A terminal-focused AI agent with RAG and local tool capabilities

Project description

Helium Agent

Important: Voice support is still under development so kindly use TEXT mode.

Helium is a local-first AI assistant with a voice pipeline, tool-calling agent loop, structured memory, RAG support and an optional web chat UI. It is designed for macOS and Apple Silicon, with local STT through MLX Whisper, wake-word detection through OpenWakeWord, TTS through Kokoro, and an LLM brain served from your own llama.cpp or Ollama-compatible local stack.

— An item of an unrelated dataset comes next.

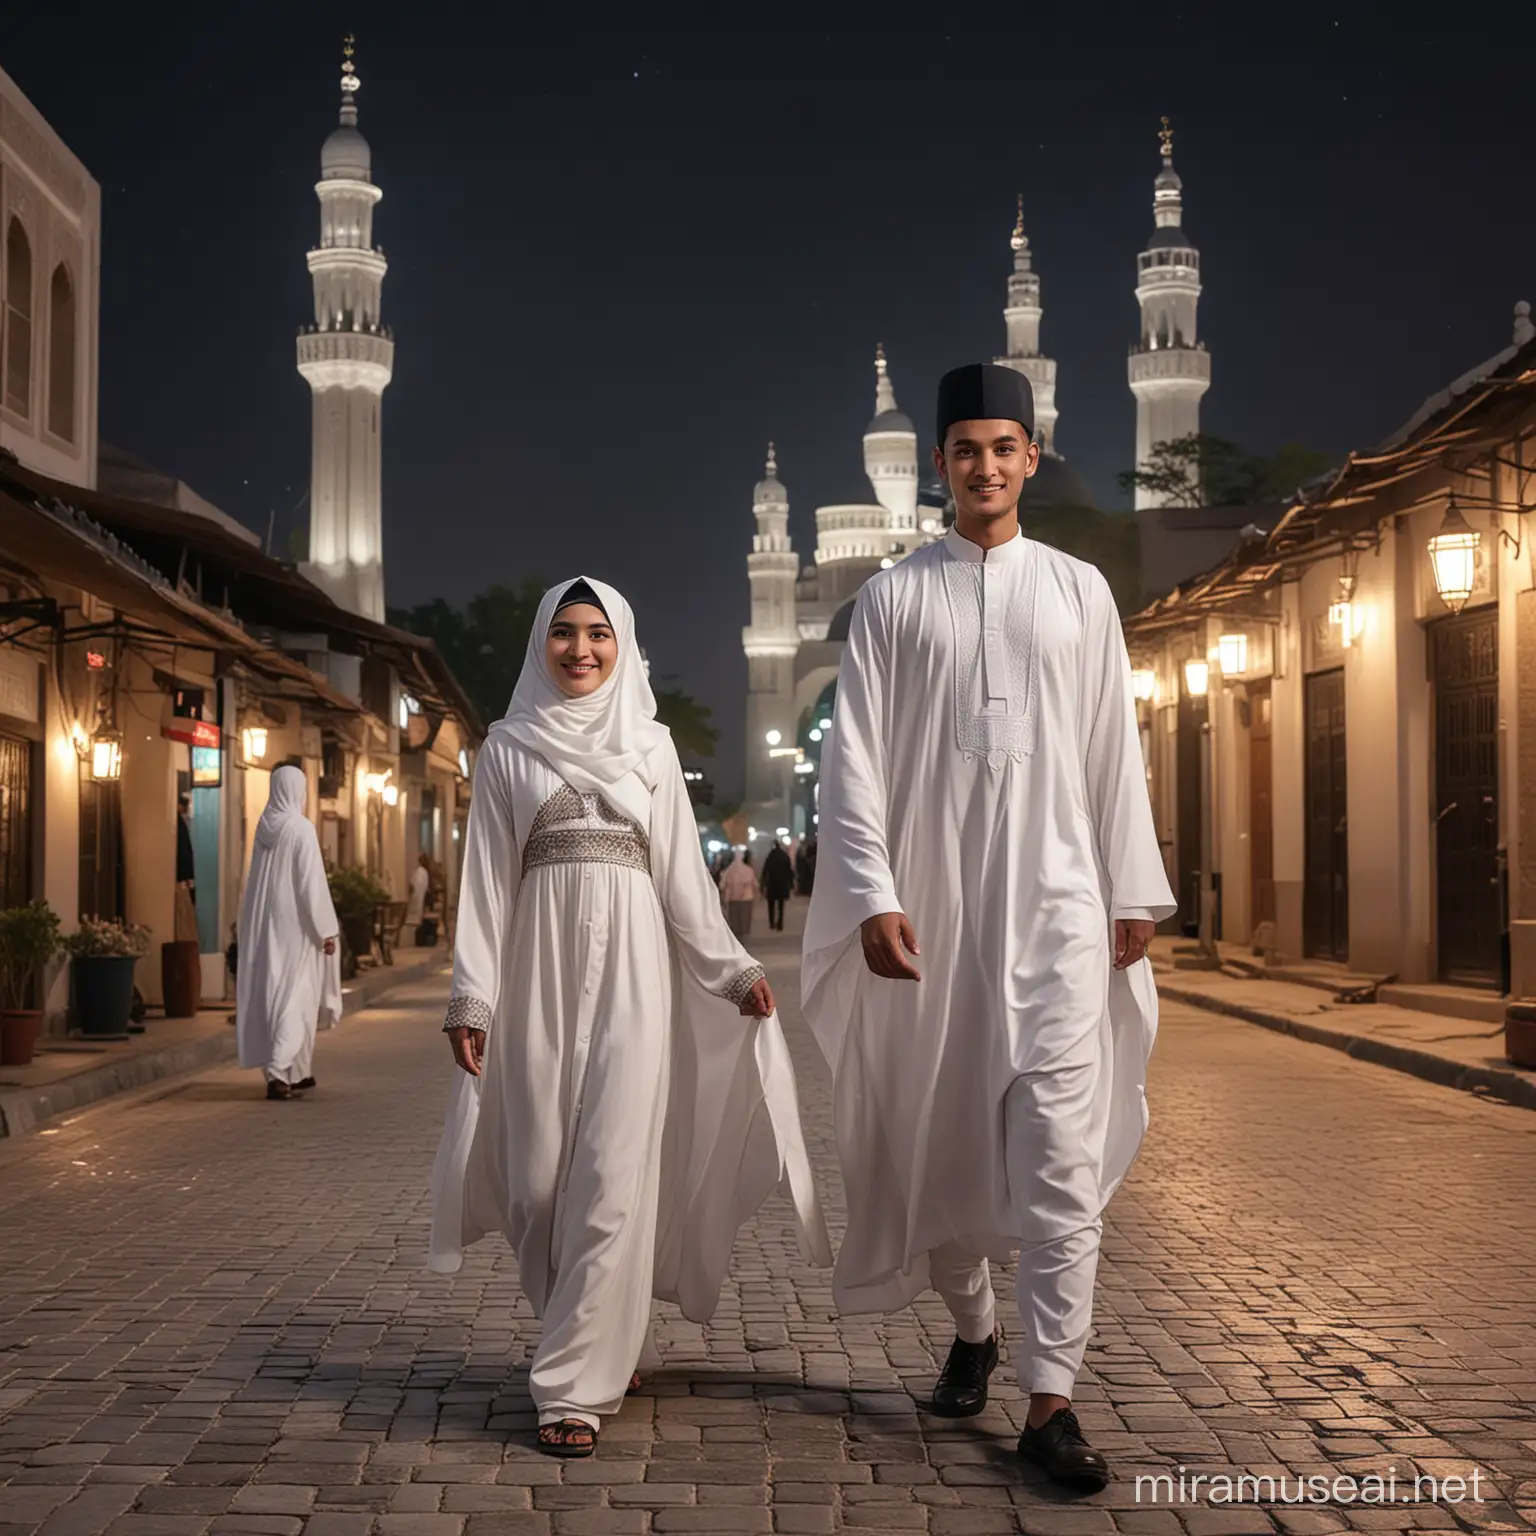 Indonesian Muslim Couple Strolling Through Village Streets at Night

If you directly want to try go to Docker Section

What It Can Do

Answer everyday questions: Just like any other agent it can repsond to any mundane queries you might have. It won't judge you.
Tool calling: Helium can calls tools it has to perform complex operations in order to respond to your queries.
Research: For queries that include an in-depth knowledge and information retrieval Helium will take help of its research tool to provide with most accurate repsonse with proper citations.
Web Search: It can use DuckDuckGoSearch API to get web results and if necessary it will use playwright to dig deeper into complex websites all to make sure you get the best answer.
RAG: Currently a simple RAG pipeline is integrated where only 1 file at a time can be given to Helium and it will respond accordingly. [Future plans to scale this]
Bash execution: Helium can perform safe bash operations in its terminal.
Long-term memory: It uses a in-memory sqlite database which is currently session-scoped to remember important facts.

Project Structure

Helium/
├── main.py                 # Voice assistant entry point
├── assistant.py            # Assistant-facing orchestration helpers
├── requirements.txt        # Python dependencies
├── requirements-rag.txt    # Heavy RAG dependencies
├── docker-compose.yml      # Terminal + RAG containers
├── Dockerfile.api          # FastAPI backend image
├── Dockerfile.frontend     # React frontend image
├── Dockerfile.terminal     # Terminal UI image
├── api/
│   └── main.py             # FastAPI WebSocket chat API
├── config/
│   ├── settings.py         # Typed defaults and settings loader
│   └── settings.toml       # Local service, wake, speech, and assistant settings
├── core/
│   ├── llm.py              # LLM response generation and tool loop
│   └── orchestrator.py     # Assistant orchestration layer
├── engine/
│   ├── stt.py              # Speech-to-text handling
│   ├── tts.py              # Text-to-speech handling
│   └── wake_word.py        # Wake-word detection
├── frontend/
│   ├── src/                # React chat interface
│   ├── nginx/              # Static app server config
│   └── package.json        # Vite scripts and frontend dependencies
├── memory/
│   └── graph.py            # Local memory graph support
├── rag_service/            # standalone document intelligence FastAPI service
├── tools/
│   ├── registry.py         # Tool definitions and prompt context
│   ├── file_ops.py         # File creation tool
│   ├── memory_ops.py       # Memory tools
│   ├── system_ops.py       # System tools
│   ├── web_search.py       # Web-search tool entry point
│   ├── search/             # Search providers, planning, ranking, fetching, extraction
│   └── research/           # Research planner, models, pipeline, execution
├── utils/
│   ├── audio.py            # macOS sound cues
│   ├── health.py           # Service health checks
│   ├── history.py          # Command/conversation history helpers
│   └── parser.py           # Robust JSON/tool-call parsing
├── tests/                  # Unit tests for parser, tools, search, memory, and wake word logic
└── .env.example            # Example env file

Prerequisites

Helium is optimized for macOS on Apple Silicon because the voice pipeline uses mlx-whisper and macOS audio cues. Some server-only pieces can run in containers, but microphone capture and local audio playback are best run directly on macOS.

You will need:

Python 3.11+
A working microphone with terminal/app permission [Not needed currently]
PortAudio dependencies for pyaudio and sounddevice [Not needed currently]
A local LLM service, usually llama.cpp
If you have an API endpoint to any LLM you can use that too.
Optional local SearxNG for local-first web search [No longer needed]
Node/Bun only if you are developing the frontend outside Docker

Default service URLs are configured in config/settings.py and can be overridden in config/settings.toml.

Docker

Use this if you just want to chat without worrying the technical complexities but make sure to have you env configured accordingly.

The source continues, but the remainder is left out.